Department of Physiology and the Neuroscience Institute, Northwestern University Medical School, Chicago, Illinois 60611, USA
aDepartment of Physiology/Neuroscience, New York University School of Medicine, New York, New York 10016, USA
bDepartment of Psychology, State University of New York, Stony Brook, New York 11794, USA
Address for correspondence: Ronald E. Kettner, Department of Physiology and the Neuroscience Institute, Northwestern University Medical School, Chicago, IL 60611. Voice: 312-503-0456; fax: 312-503-5101.
r-kettner{at}nwu.edu
Ann. N.Y. Acad.

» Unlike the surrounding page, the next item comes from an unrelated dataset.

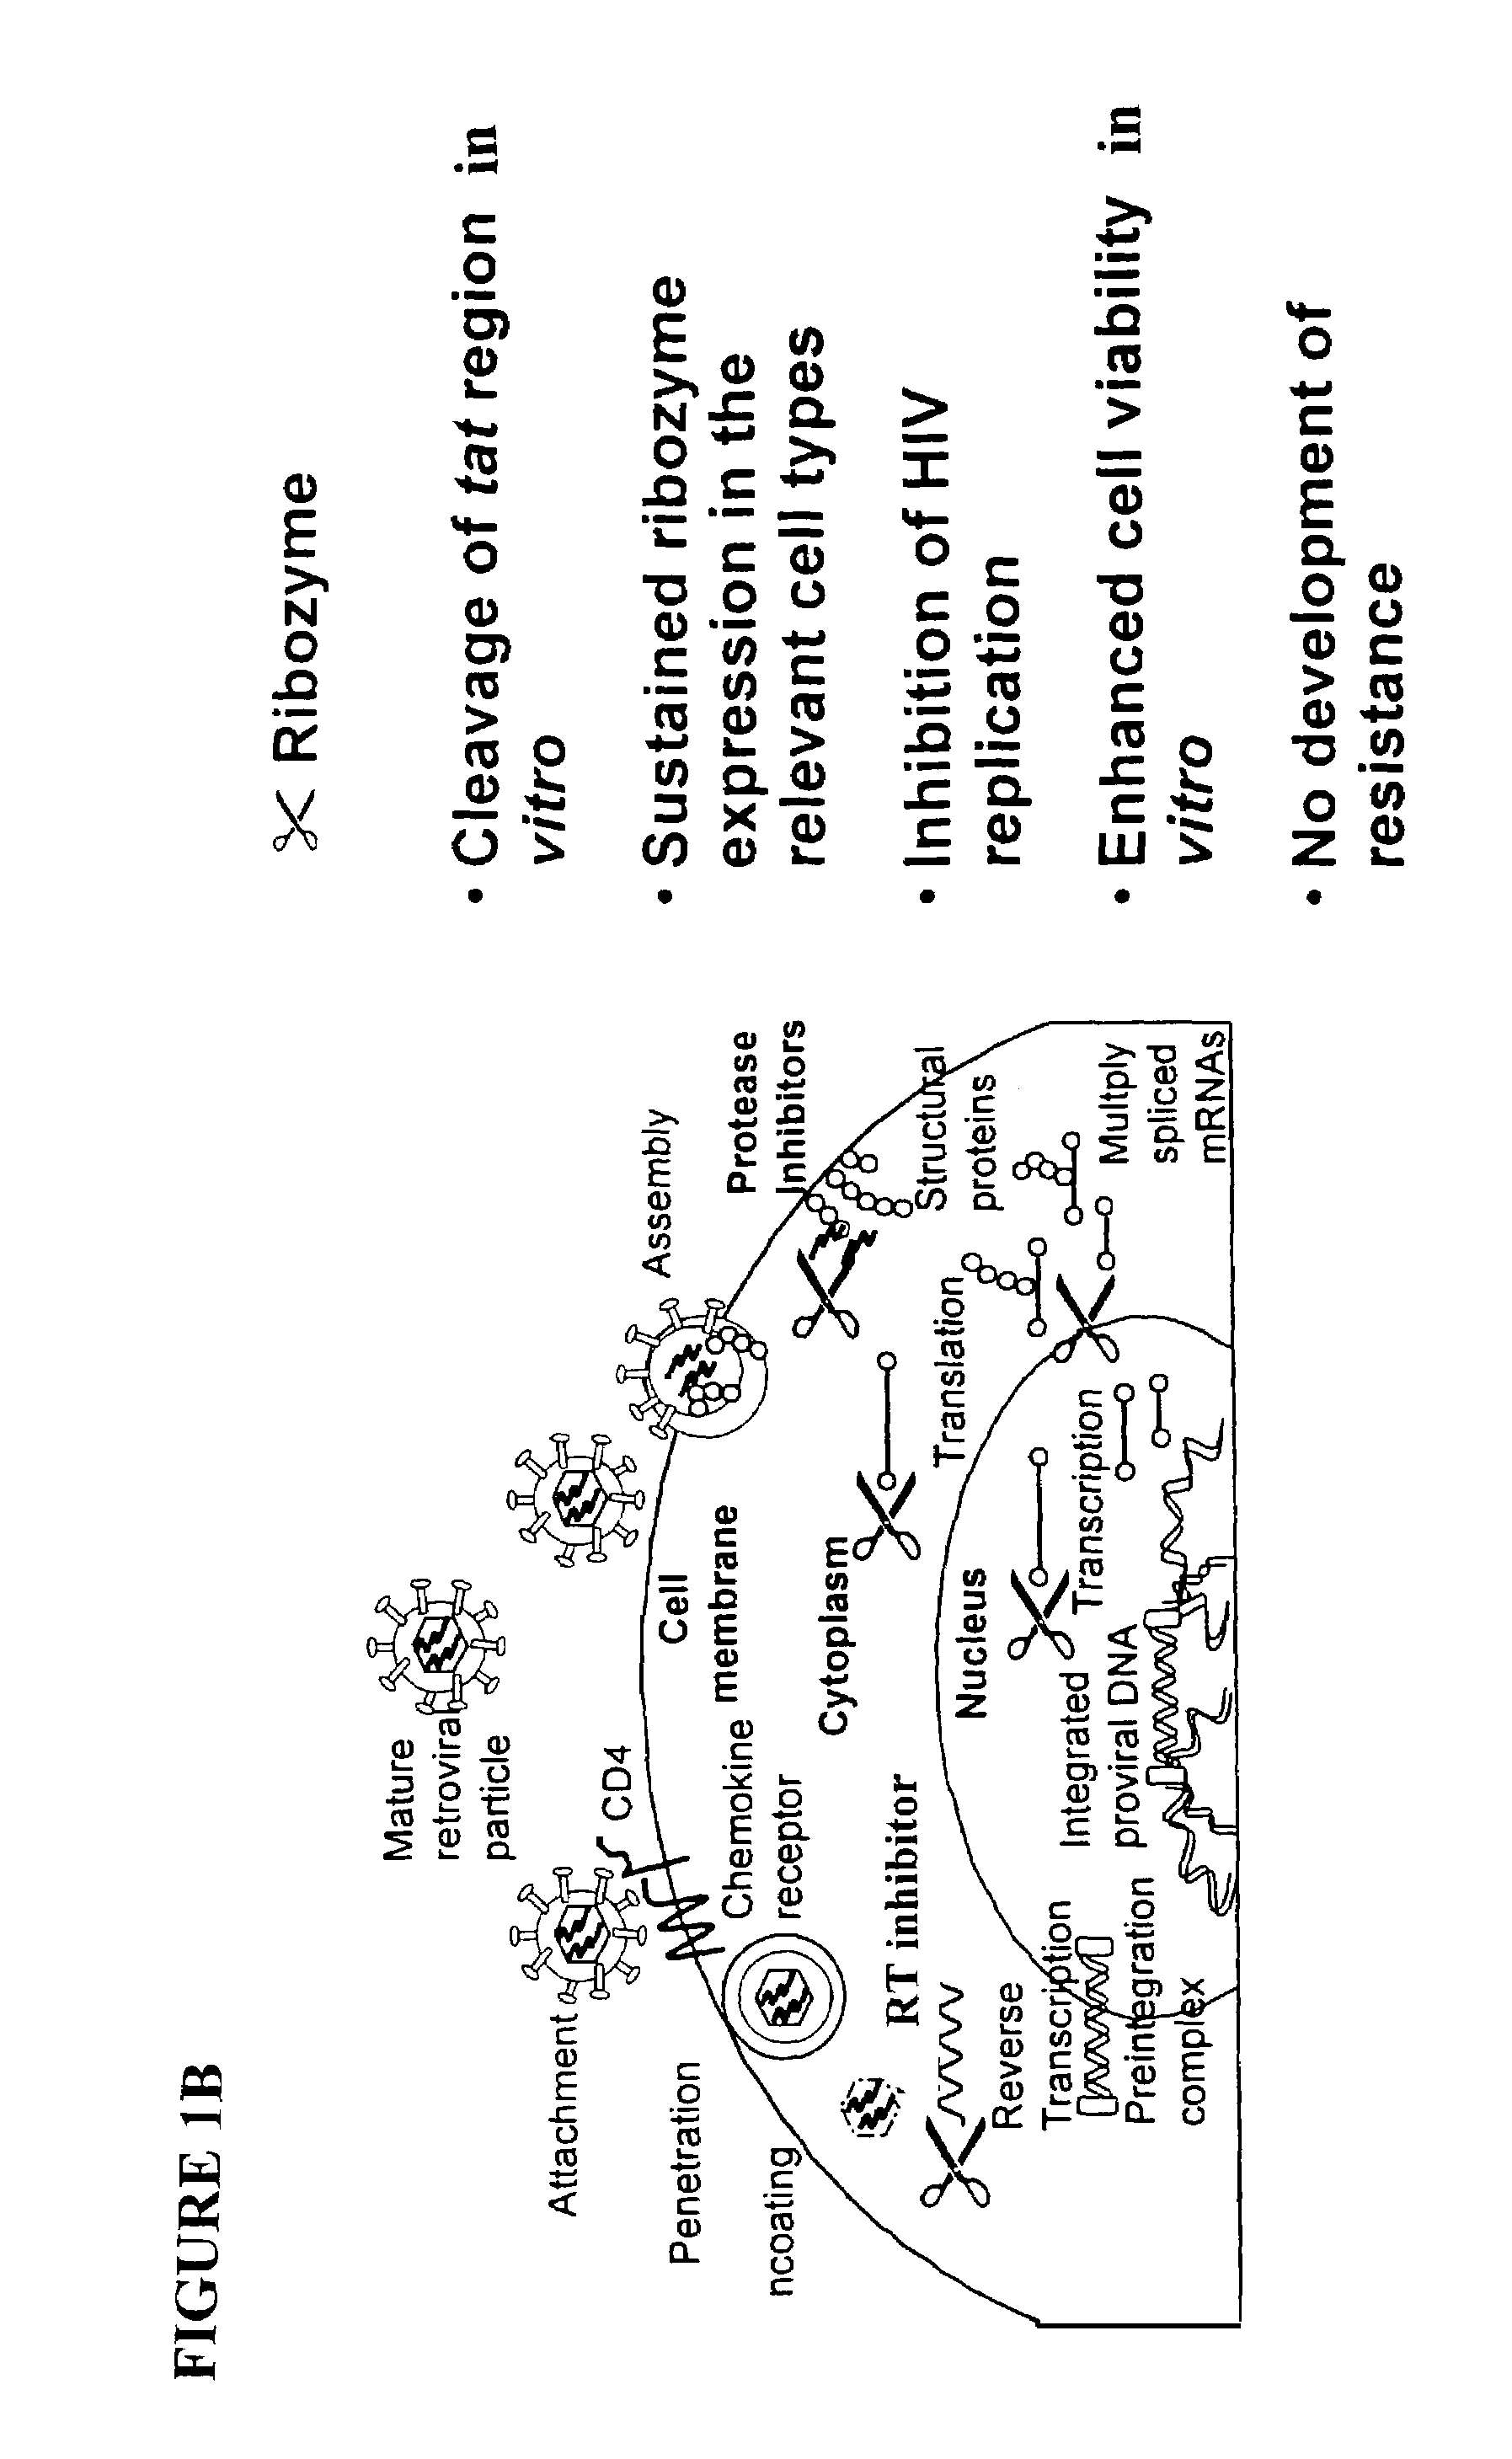 Methods for genetic modification of hematopoietic progenitor cells and uses of the modified cells

Sci. 978: 455-467 (2002).
The role of flocculus and paraflocculus neurons in the cerebellar
control of predictive eye movements was examined using two modeling
techniques. The first study characterized the dependence of
individual Purkinje-cell firing patterns on oculomotor output,
visual input, and response timing using multilinear regression
techniques. Interestingly, no dependence on visual input was
detected. Purkinje cell firing was explained by sensitivities
to eye position and eye velocity alone. However, complex responses
occurred when sensitivity vectors pointed in different directions.

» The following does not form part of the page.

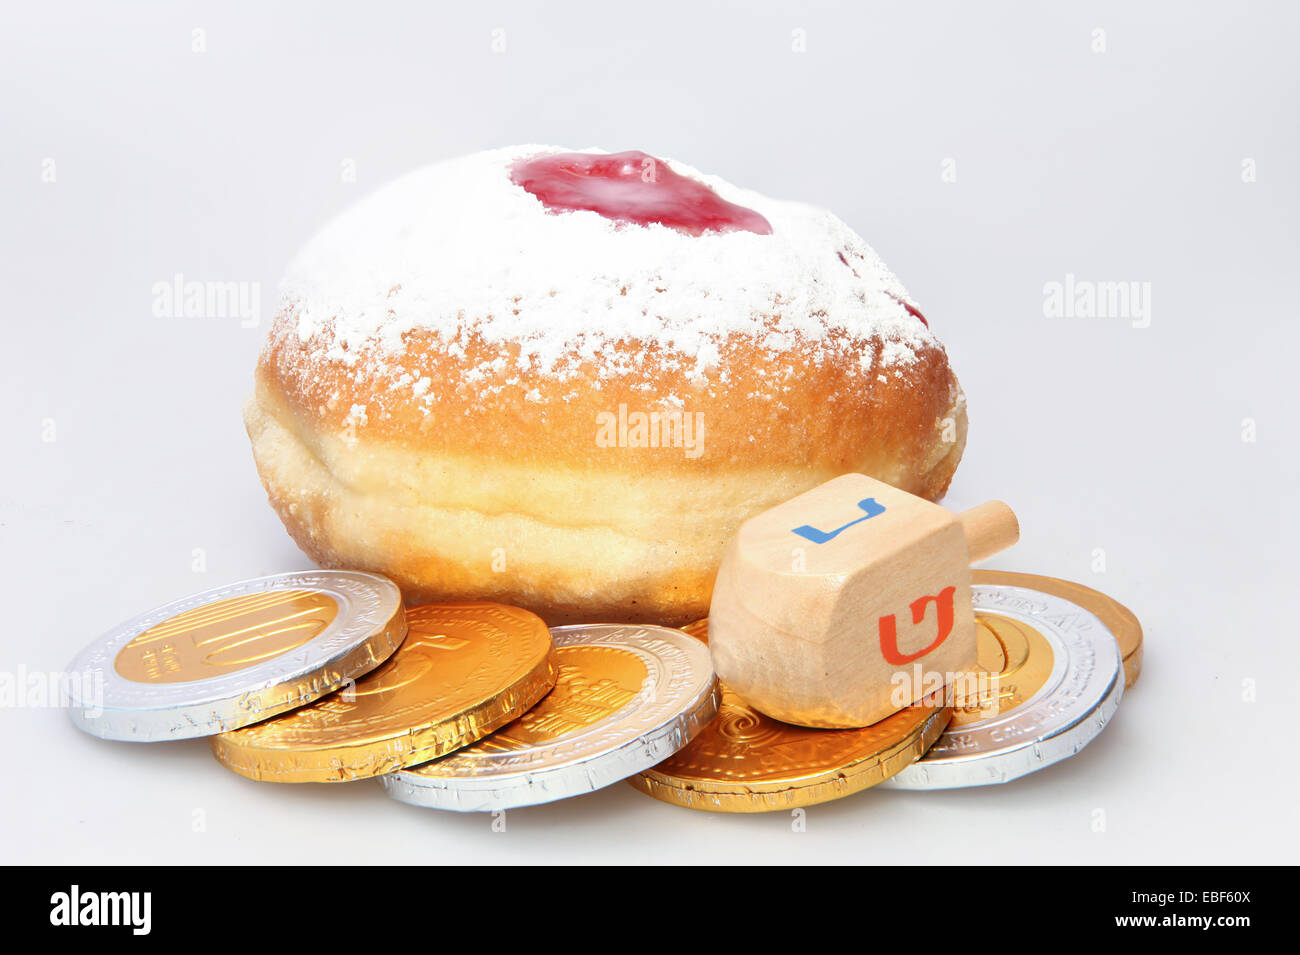 Hanukkah doughnut and spinning top - Traditional jewish holiday food and toy. Stock Photo

For example, some neurons showed a preference for circular pursuit
in a particular rotation direction. Responses also tended to
lead the eye during predictable pursuit and to lag during unpredictable,
visually driven pursuit. This suggests that flocculus and paraflocculus
neurons played a stronger role during predictive pursuit than
visually driven pursuit. A second modeling study demonstrated
how the flocculus/paraflocculus system might generate predictive
pursuit. A biologically realistic neural network was simulated
based on the known anatomy and physiology of this cerebellar
system. It included mossy and climbing fibers with realistic
responses, Purkinje cells acting on well-characterized brain-stem
circuits, and granule, Golgi, basket, and stellate cells with
appropriate connections. The network was able to learn new pursuit
trajectories based on long-term alterations in synaptic connectivity
at parallel-to-Purkinje synapses. Interestingly, this model
was able to generate predictive pursuit without visual input
based only on eye-motion input. Thus, both models provide complementary
evidence for the generation of nonvisual predictive control
by flocculus and paraflocculus neurons.